Though I am not an expert, here are my personal observations and conclusions on how a man should love:

  • A man should love not with expectation, but with anticipation. A lot of a man’s frustrations about love is due to his many deluded and often unfair expectations from a woman— something we may blame to the perceived norms of society; but most often, it is an embarrassing reflection of our own hunger for worth. We expect women to treat us a certain way because we believe by that behavior or deed, we are affirmed. That by such, we are considered “worth the extra effort and/or attention”. That to them, we are worth more than the other guys. It is not to say that relationships should do away with certain expectations: they are after all a measure of one’s commitment. But when a man focuses on his rights in a relationship rather than the duties to a relationship, we regress from being a man into a mere child. For what defines a man is his desire for others’ goodwill: may it be in helping the family, protecting the home, defending the nation, preserving humanity. And such desire leads a man towards anticipation— a keen foresight which enables him to carefully tread his own past and evaluate the present in order to prepare for the future so that when it comes, he will be ready to respond with stolid faith and unwavering perspective. In this way, a man may anticipate problems with his partner yet will refuse to let it ruin their relationship— seeing beyond the urgent troubles and holding on to that bright ideal of wonderful old age. For a man who expects knows what may happen and tries to avert it, yet become embittered in his failure; but a man who anticipates knows what may happen and accepts its challenge— believing that his success or failure will still benefit him along the way.
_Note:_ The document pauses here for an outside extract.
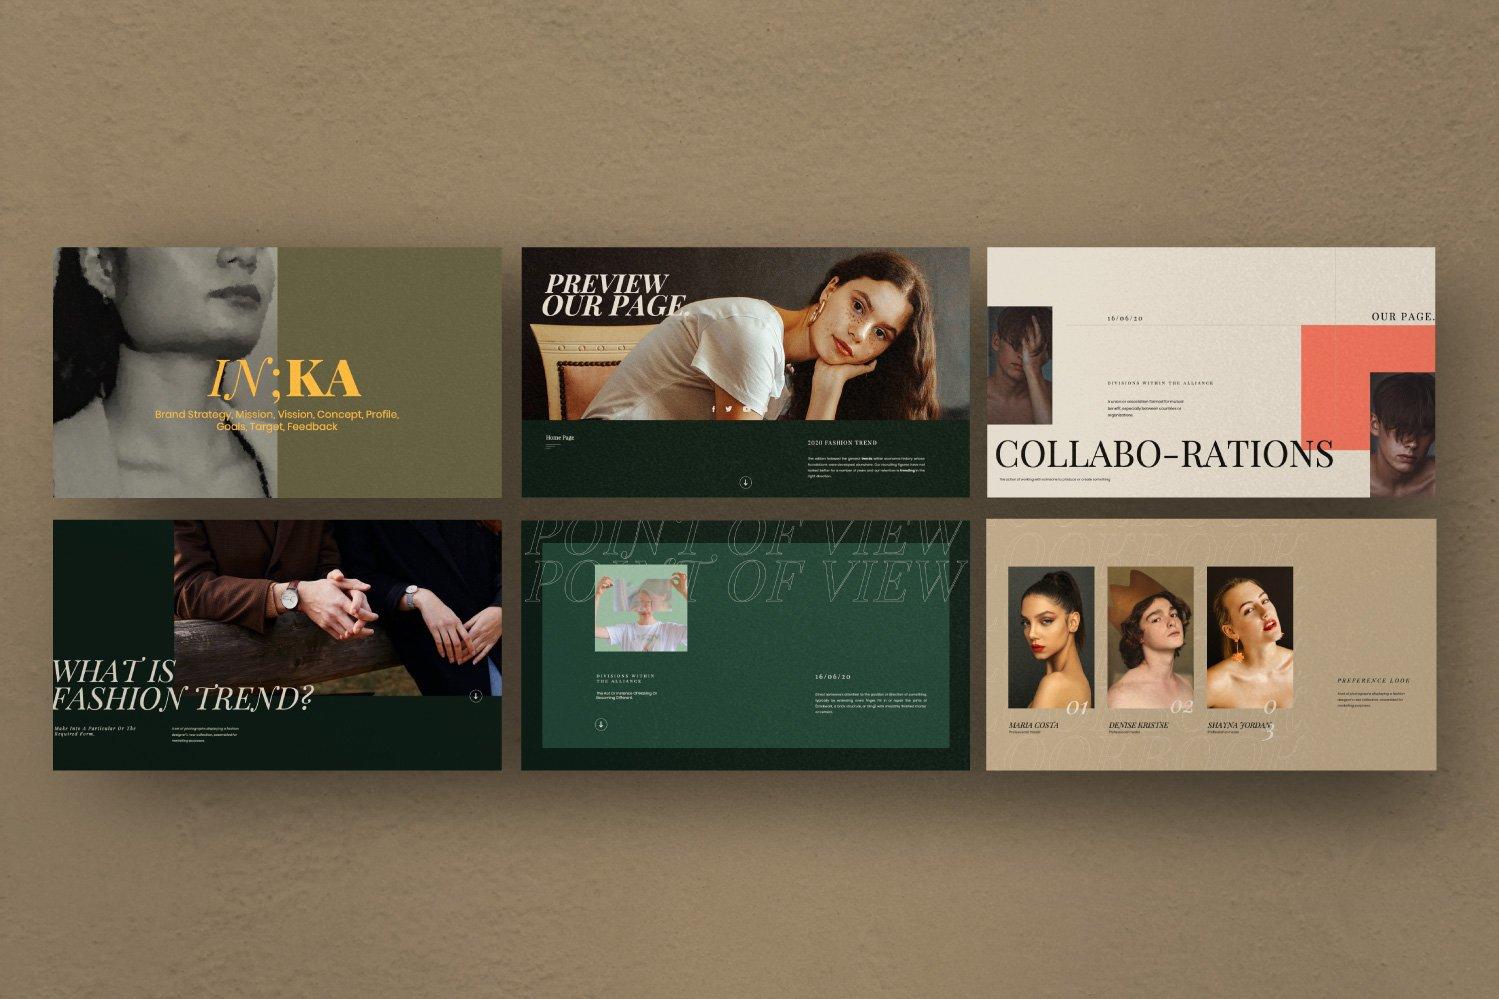 时尚创意服装摄影作品集幻灯片设计模板 Iconic – Fashion Lookbook PowerPoint插图(3)

  • A man should love not with regrets, but with reassurance. I guess nothing torments a man more than the pestering thoughts of what ifs and what could have beens. While such questions may help bring a man to an awareness of anticipation, an unguarded heart may only produce a sense of emotional paranoia. A man’s hidden regrets are like cancer to a seemingly healthy relationship; it either forces him to destructively push himself more than necessary in order to be loved, or it can warp his understanding and with tainted view consider almost everything with a hint of insecurity, malice or envy. For it is regret that nurtures fear in our relationships; it corrupts even our desire for goodwill, transforming it into an obsession. Our regrets drive us to a dissonant expression of love, a confusing ebb and flow of kindness against rudeness. It is not an easy task, but as a man— we need to learn to love with reassurance instead. For though we may never avoid having regrets, we can be reassured that our love will never be wasted, even when we have left broken pieces of our hearts with the undeserving, unworthy, or those who simply are unmeant to be. We should reassure ourselves in our immeasurable ability to love— to love beyond pain, to love beyond fears, to love beyond doubts. We should find reassurance that even if we fail, even if everything fails, our capability to love as well as our susceptibility to be loved shall be unchanged and unfazed.

How then should a man be loved? It doesn’t really matter— because at heart, every man remains a child after all. And by nature, everyone knows how a child should be loved. But kidding aside, I think I’ll just write about that on a separate blog soon.